Aunado a ello, la estancia cuenta con solo tres personas para su atención, dos cocineras, que a la vez cuidan y fungen como maestras y el encargado o director, que tiene que desempeñar tareas hasta de psicólogo.


“Para que el lugar este bien atendido por lo menos debemos ser cuatro personas: un profesor quien apoye a las tareas de los menores, pues no nos damos abasto y por lo menos un médico más”.


Relata que muchos de los menores enfrentan situaciones difíciles en sus familias, no solo por las carencias económicas, sino también rupturas familiares que, en algunos casos, proyectan durante su estancia en el albergue o con el resto de los compañeros.



Quienes asisten a los albergues son niños, niñas y adolescentes de comunidades escasos recursos. FOTO: Emilio Morales

“Es una situación difícil las que acarrean los niños como rupturas familiares, porque hay un tercer involucrado en el matrimonio y, quienes resultan afectados, son los hijos; se presentan casos de maltrato, entre otros”. Asegura que en el albergue "afortunadamente han logrado evitar violencia o violaciones a derechos humanos".


Albergues indígenas, una esperanza


Gregorio Díaz Navor, coordinador de albergues indígenas, sostiene que en la zona hay seis edificios de este tipo que atienden a un promedio de 300 niños de comunidades alejadas y que son la única opción para salir adelante.


Sin embargo, el apoyo que se les brinda solo se tratan de paliativos mediante los cuales las autoridades justifican una atención insuficiente a estas estancias. “Los tres niveles de gobierno han dado la importancia a los albergues; muchas veces los presidentes municipales niegan la ayuda porque no se atienden a niños de la comunidad muchos vienen de otras comunidades porque así lo marca los requisitos, pero eso no lo entienden”.
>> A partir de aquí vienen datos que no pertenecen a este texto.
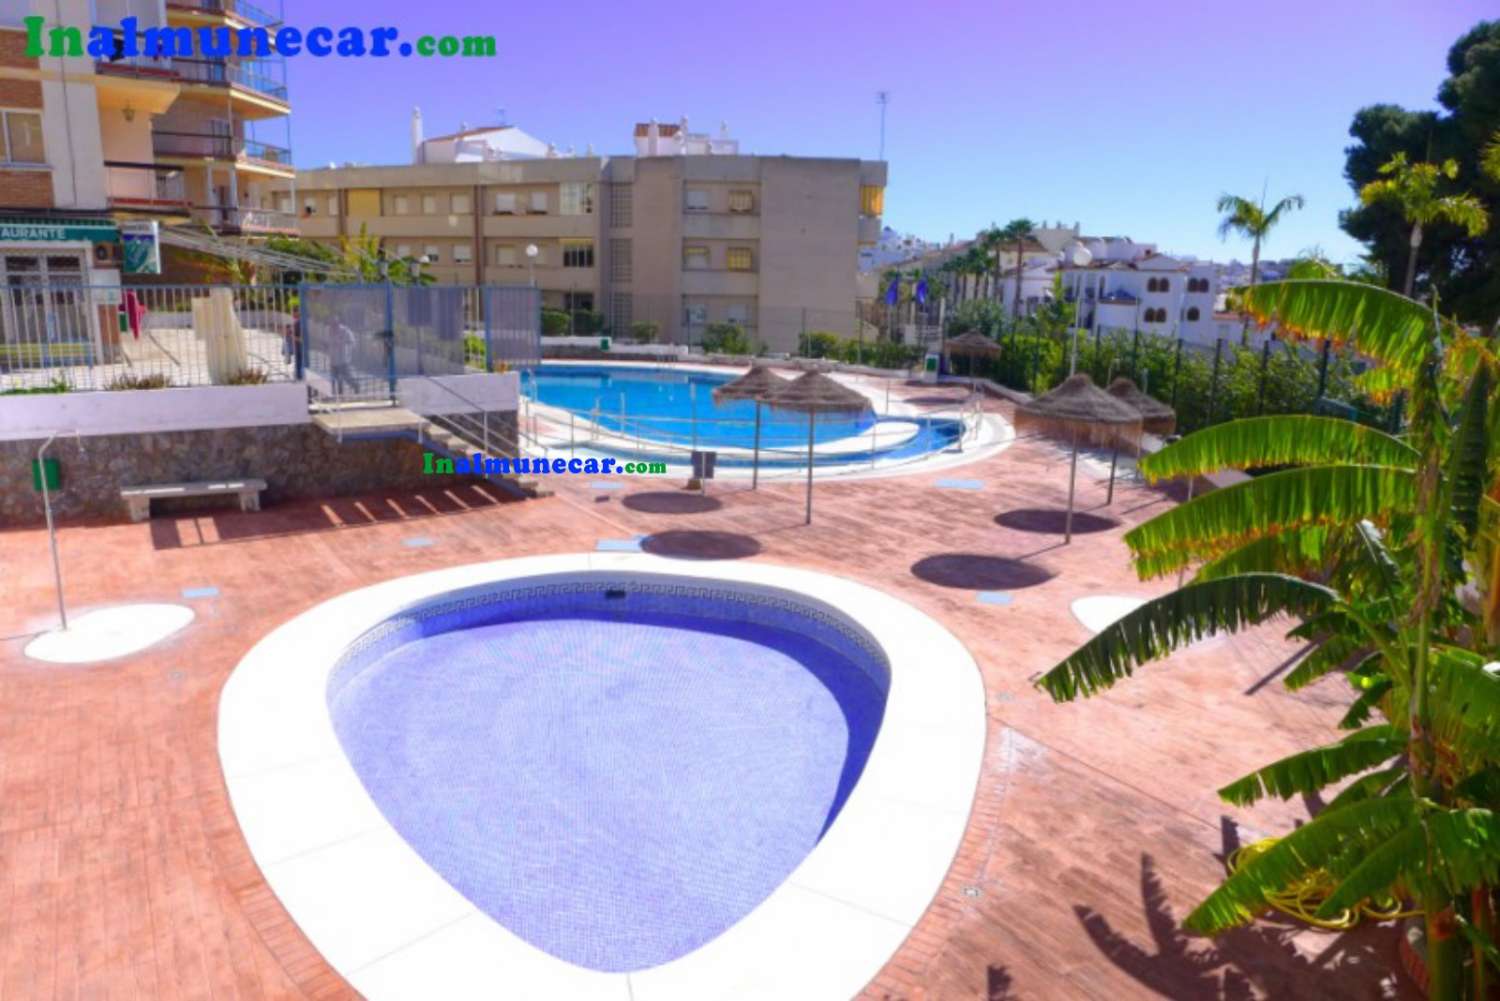 Lejlighed til salg i Almuñecar med pool og fælles parkering

La CDI destina anualmente apenas 30 mil pesos para el mantenimiento del albergue, cantidad insuficiente, incluso la dependencia ha contratado a empresas para obras y remodelaciones que requieren, pero los resultados son de mala calidad. “Requerimos que nos atiendan, que no se roben el dinero y lo destinen para lo que es”.


A las 14:00 horas, los pequeños regresan de la escuela, corren hacia el albergue, se lavan las manos y, con ansias, se mantienen a la expectativa de lo que van a comer.